/2SEGP

Simple Simultaneous Ensemble Learning in Genetic Programming

Primary LanguagePythonMIT LicenseMIT

Simple Simultaneous Ensemble Genetic Programming (2SEGP)

Python code for 2SEGP, which was proposed in:

@inbook{virgolin2021genetic,
  author = {Virgolin, Marco},
  title = {Genetic Programming is Naturally Suited to Evolve Bagging Ensembles},
  year = {2021},
  isbn = {9781450383509},
  publisher = {Association for Computing Machinery},
  address = {New York, NY, USA},
  url = {https://doi.org/10.1145/3449639.3459278},
  booktitle = {Proceedings of the Genetic and Evolutionary Computation Conference},
  pages = {830–839},
  numpages = {10}
}

Differently from classic evolution which returns a single model, 2SEGP returns an ensemble.

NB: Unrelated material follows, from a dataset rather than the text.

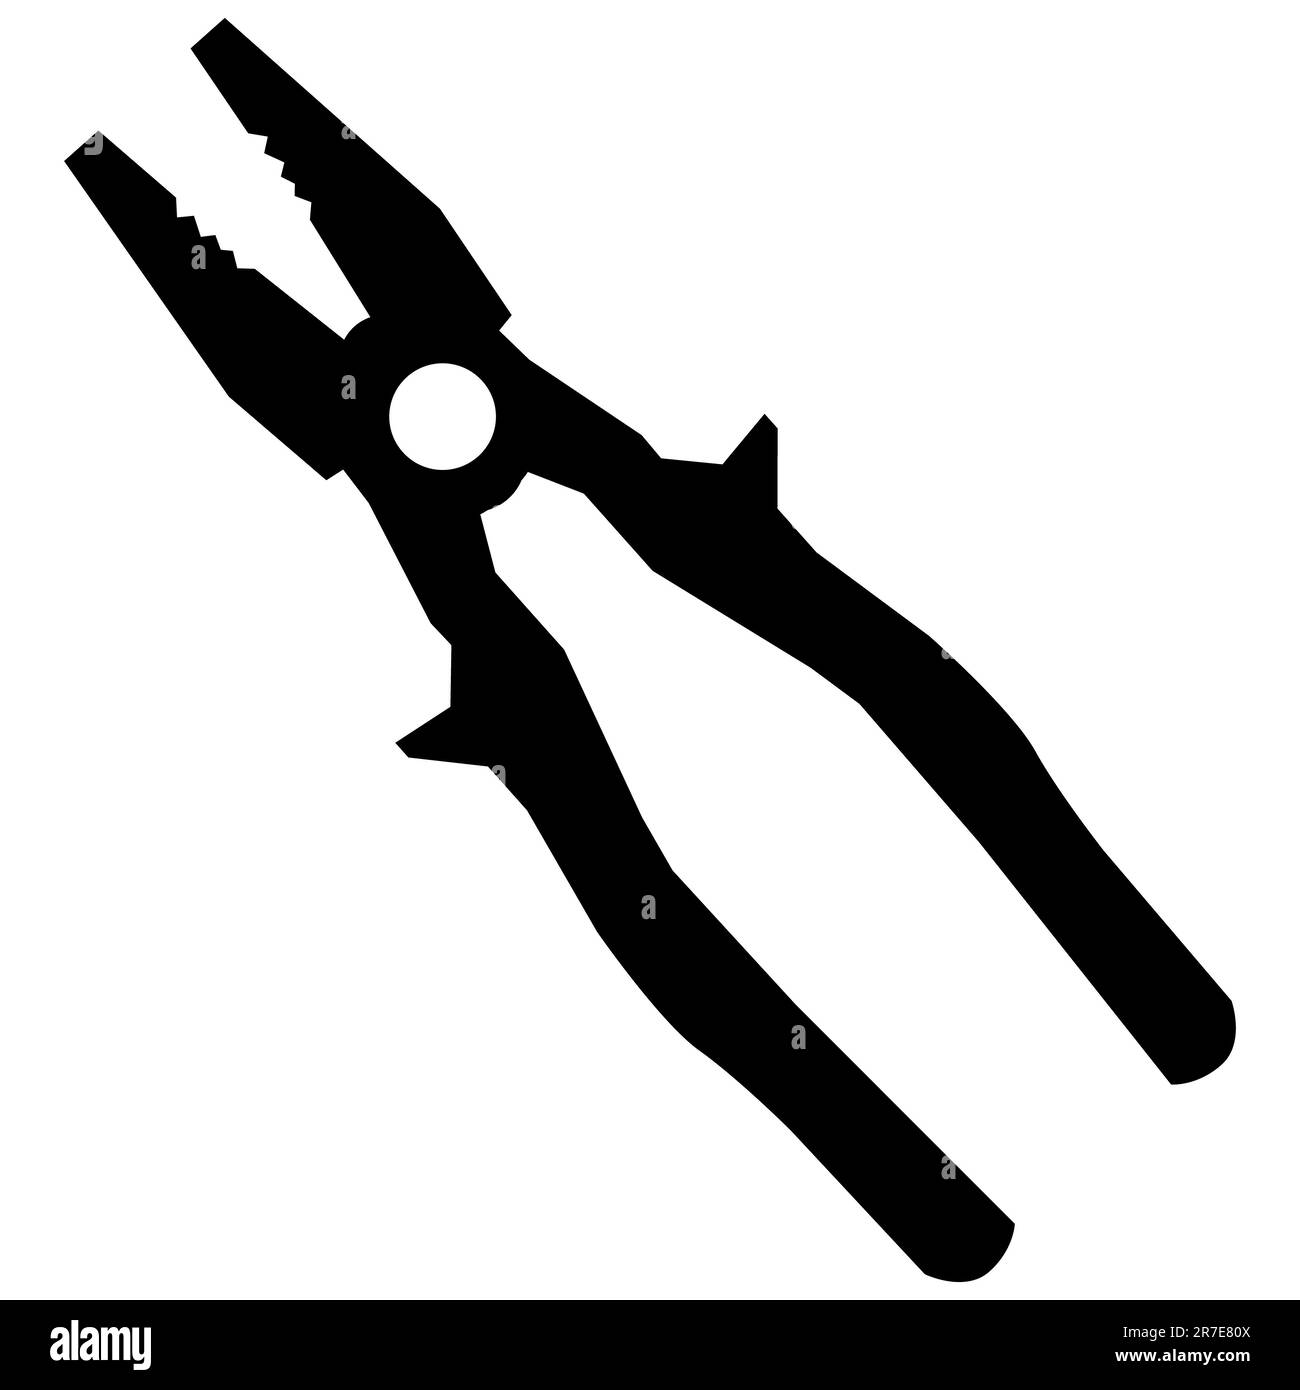 Pliers icon. Combination Pliers sign. Black pliers symbol. flat style. Stock Photo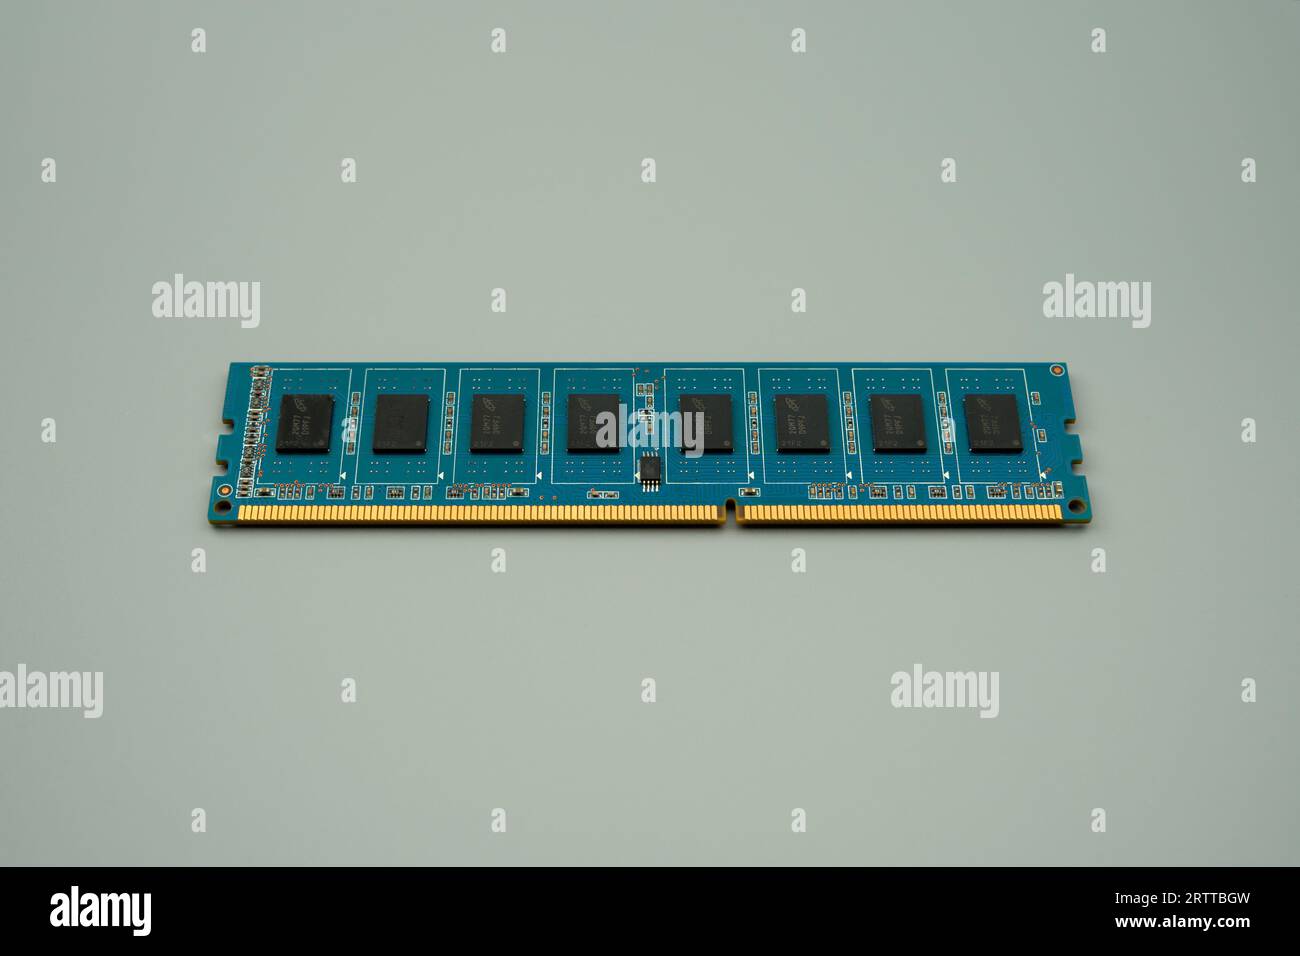 DDR3 memory on a blue PCB, gray background Stock Photo

Nice aspects of 2SEGP are that:

  • it is a very simple modification of classic GP
  • it has only 1 additional hyper-parameter compared to classic GP (ensemble size) and it is rather robust to different choices
  • it runs almost as fast as classic GP (see Big-O's in the paper)
  • despite being simpler than other existing approaches, it typically performs equal or better than them
  • main ideas are portable to other evolution-based algorithms (e.g., neural architecture search)

Installation

Run pip install . from inside this folder.

Requirements

Requires numpy >= 1.16.1, scikit-learn >= 0.20.0, simplegp >= 0.9.9.

Reproducing the paper

Here's how to reproduce one run for a dataset "mydataset.csv"

cd Reproduce
python run.py mydataset

Please find all datasets used in the paper in Reproduce/Datasets. Of course, perform multiple runs to obtain the same statistics of the paper.